I did a rctm workout in the fall but didn't stick extremely closesly to it. I made gains hangboarding, but once I got to the power phase, I felt bad on big moves and I didn't make any campusing gains. Honestly, I think biggest problem for me buying in was that the book seems so tailored to route climbers, with bouldering almost as an afterthought. Somewhere on these forums Mark even admitted it was the weakest chapter, which is reasonable considering it seems like he's not that focused on bouldering. But I'm going to try again, this time try to be strict about doing everything.
The Plan:
Basically to follow the intermediate RCTM bouldering plan with a few tweaks:
Strength phase:
For my hangboard workouts I'm going to do a warm up boulder ladder up to v5 and do a circuit of 3 hardish boulders that I give 1-2 attempts on each. I feel I need to do this to maintain some level of all around fitness and skill. I feel like for a boulderer, ARCing isn't really doing anything for my skill. I don't need to learn how to climb on jugs efficiently, I need to learn how to climb on hard, steep sections efficiently.

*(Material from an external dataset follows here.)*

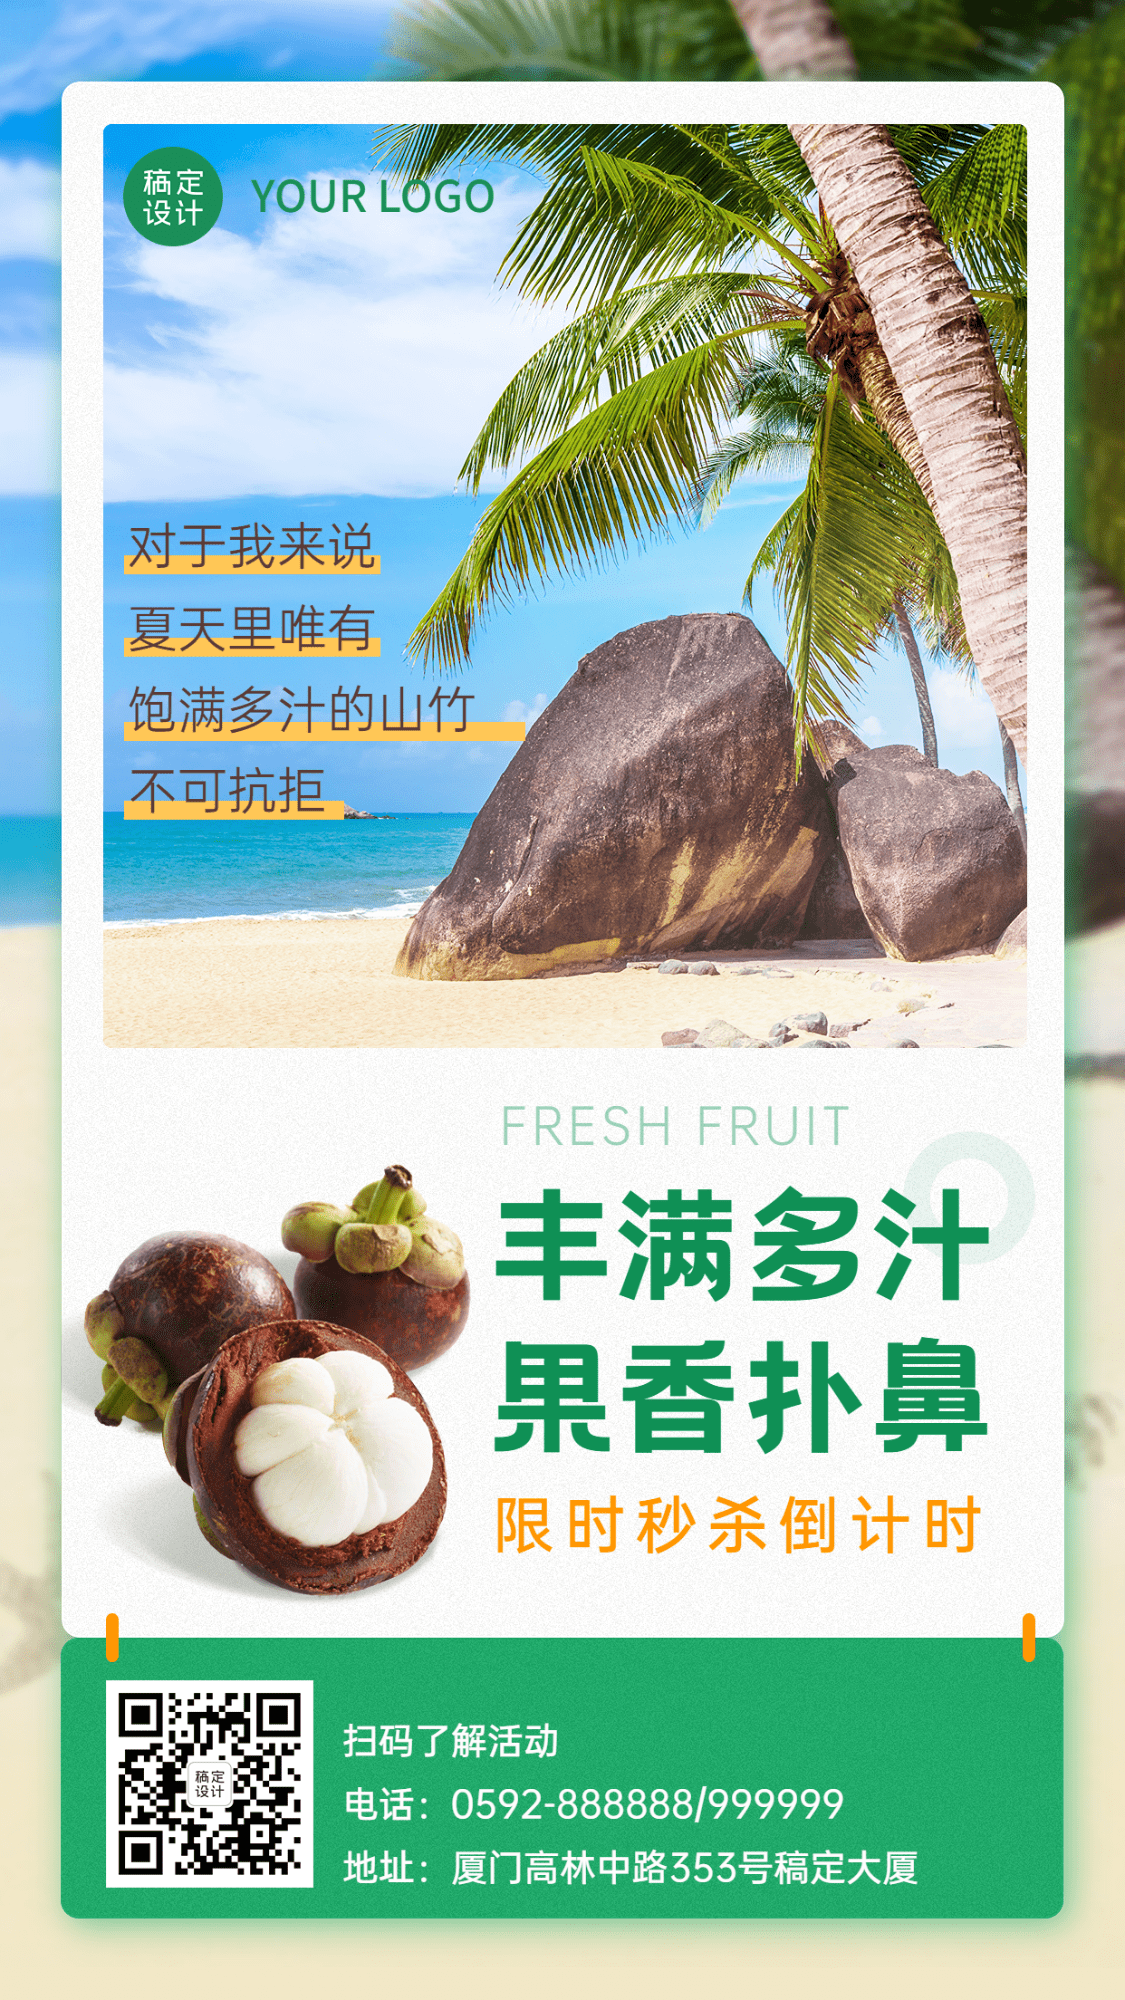 食品生鲜水果山竹产品展示竖版海报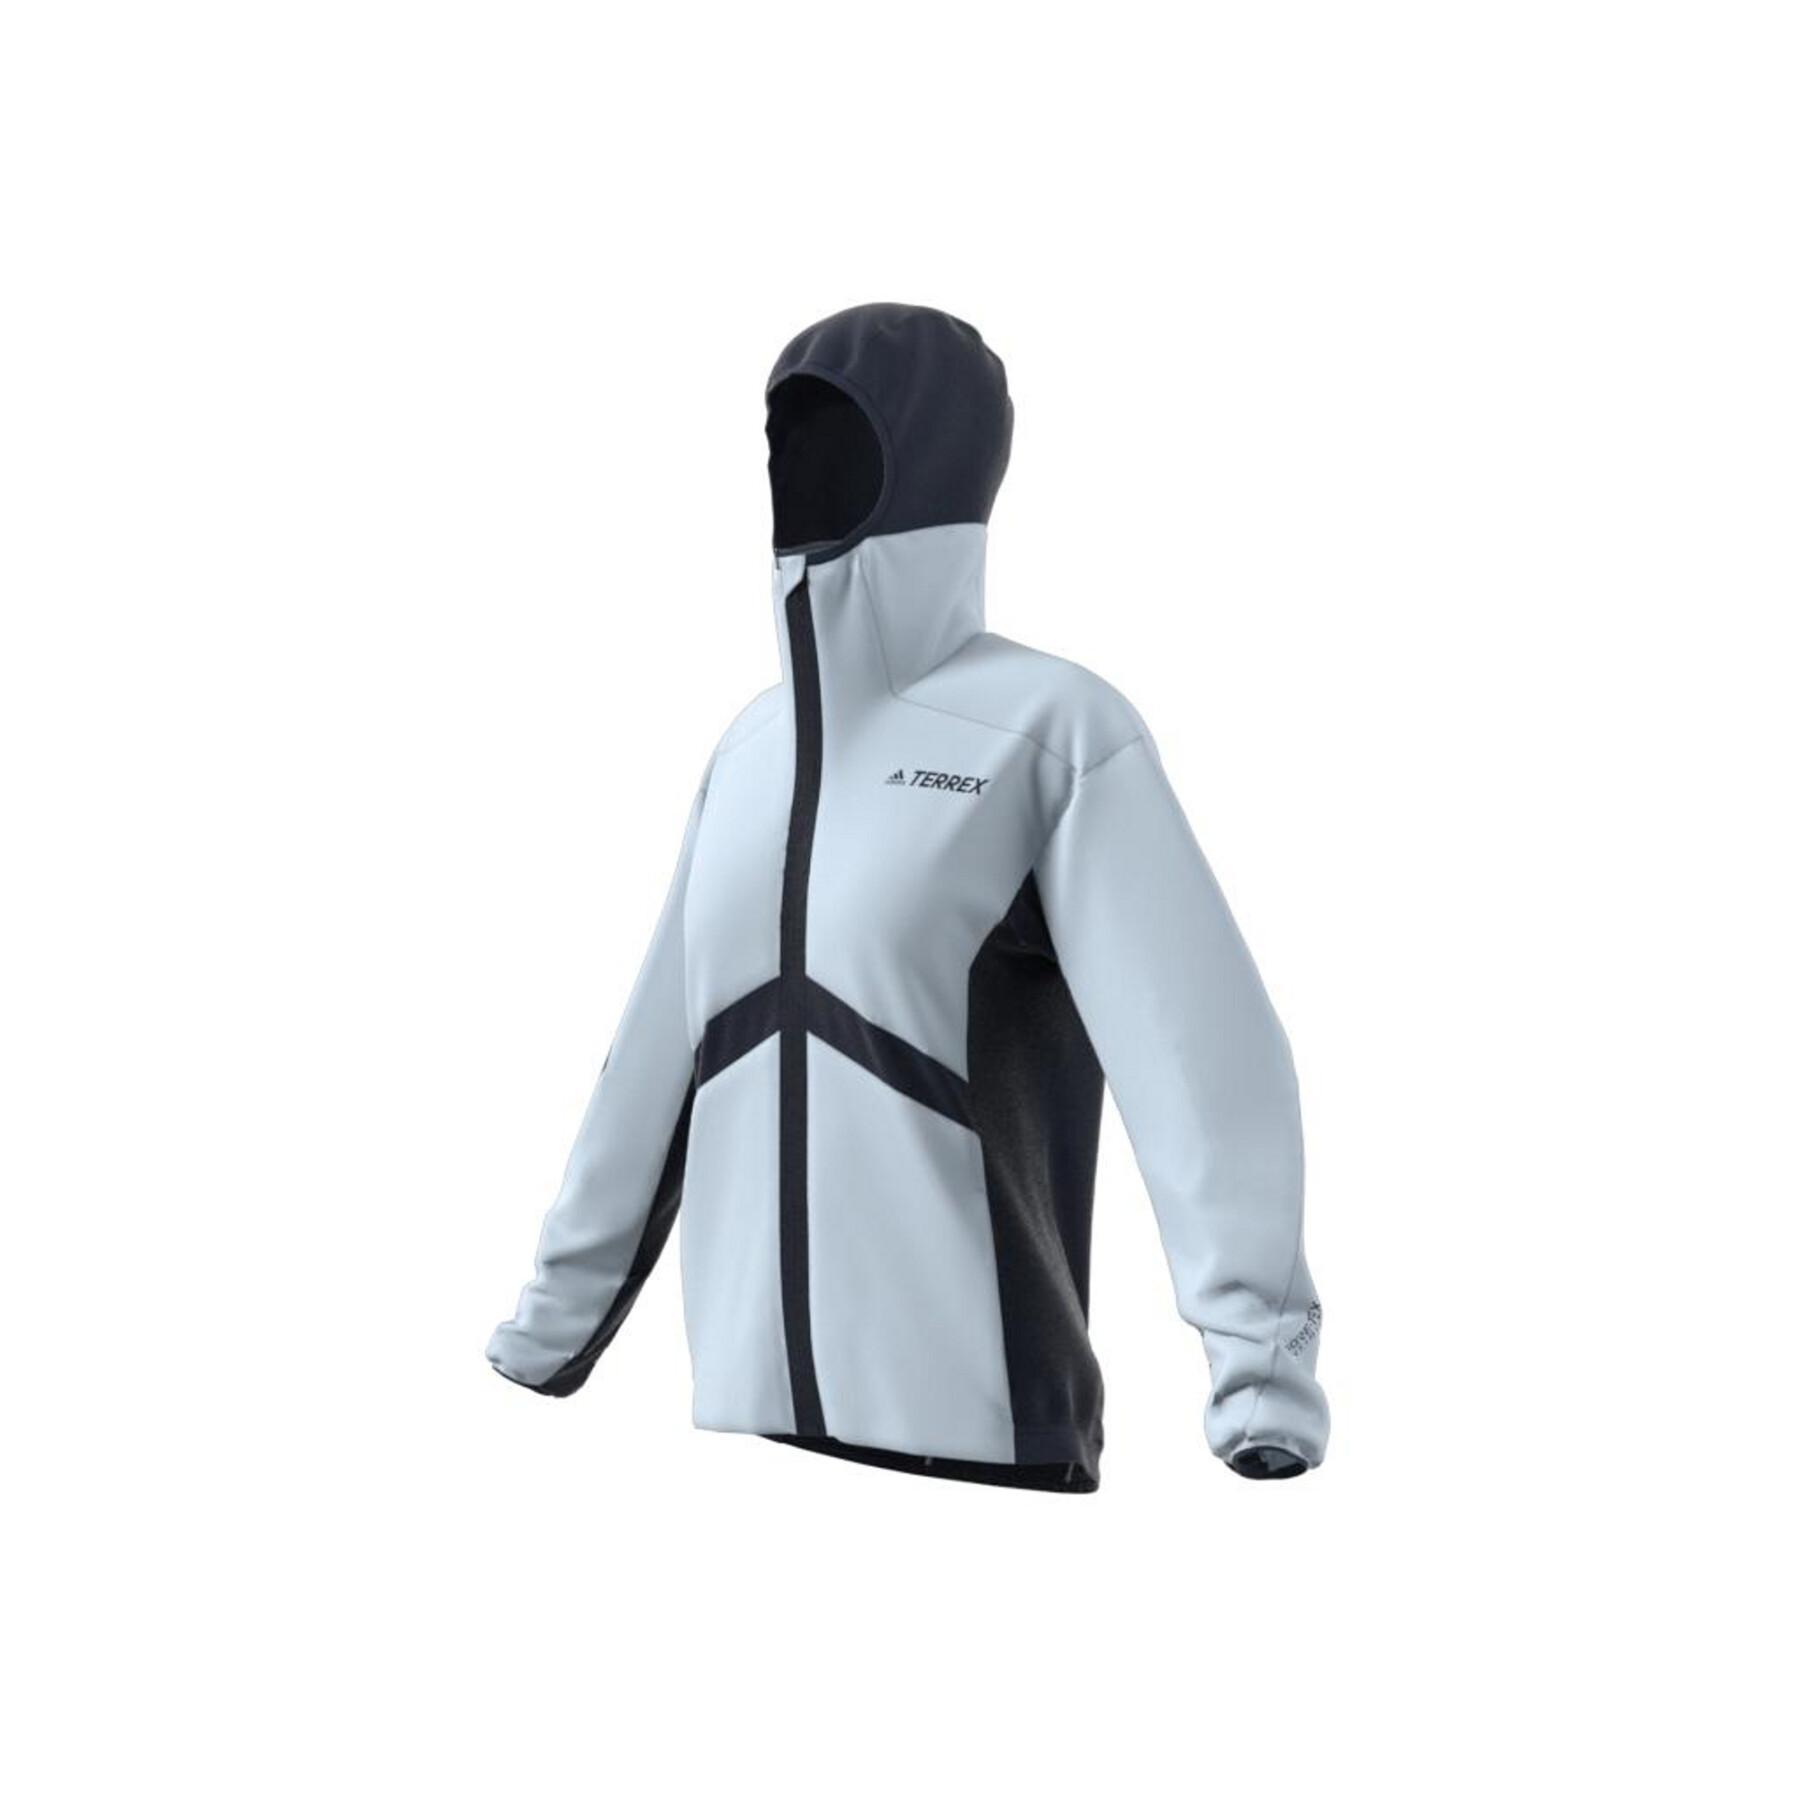 Women's jacket adidas Terrex Skyclimb Gore Hybrid Insulation Ski Touring

Do an intermediate hangboard workout with 7 grips totalling 14 sets. I already did 3 hard boulders so I figure its a similar TUT as if I did one more grip. Also my last grips always suck, so I figure I might as well spend the time on supplemental exercises. Grips will be: SVDER Left side, MR 2F, crimp with thumbguard, Wide Pinch, IMF, LVDER middle tick, Sloper
I'm gonna try to do quite a bit of supplemental exercises. I'm supposed to be a big brawny boulderer so I guess these are important? Also remember, I'm not training for technical font shit, I'm training for going balls to the wall on big jugs and pinches in the rocklands. The style there is total beefcake big moves on big holds type stuff. If I only have strong fingers those dynos are gonna look far as hell. I'm thinking 4 exercises of 3 sets each for shoulder stuff and the same for cores stuff. There also tons of roofs in the rocklands and I love roof climbing so getting core strength on point is important.
One last thing for the strength phase, I'll probably have 2 or 3 workouts that happen to fall on gorgeous saturdays or sundays and I probably won't pass those opportunities up. Since I'm bouldering rather than route climbing I think this substitute isn't as bad as would be, especially in the finger strength intensive bouldering of the gunks and new england. I'll make up the workouts at the end of my strength phase, so it will probably be 5 weeks
Power Phase:
This I don't feel like I have to make as many tweaks. It will probably last a full 5 weeks. The way I trained before I got in to more structured stuff looked pretty similar to a giant power phase. The main thing I was thinking about tweaking was adding in some Erik Horst style max hangs to my campus workouts on non edge grips. I was going to do 10 second near maximal hangs on my wide pinch, MR 2F, and sloper grips to try to get recruitment in these grips too (presumably the campusing is recruiting my edge grip). I was thinking for each grip 3-4 Hangs with 2 minutes of rest in between each one.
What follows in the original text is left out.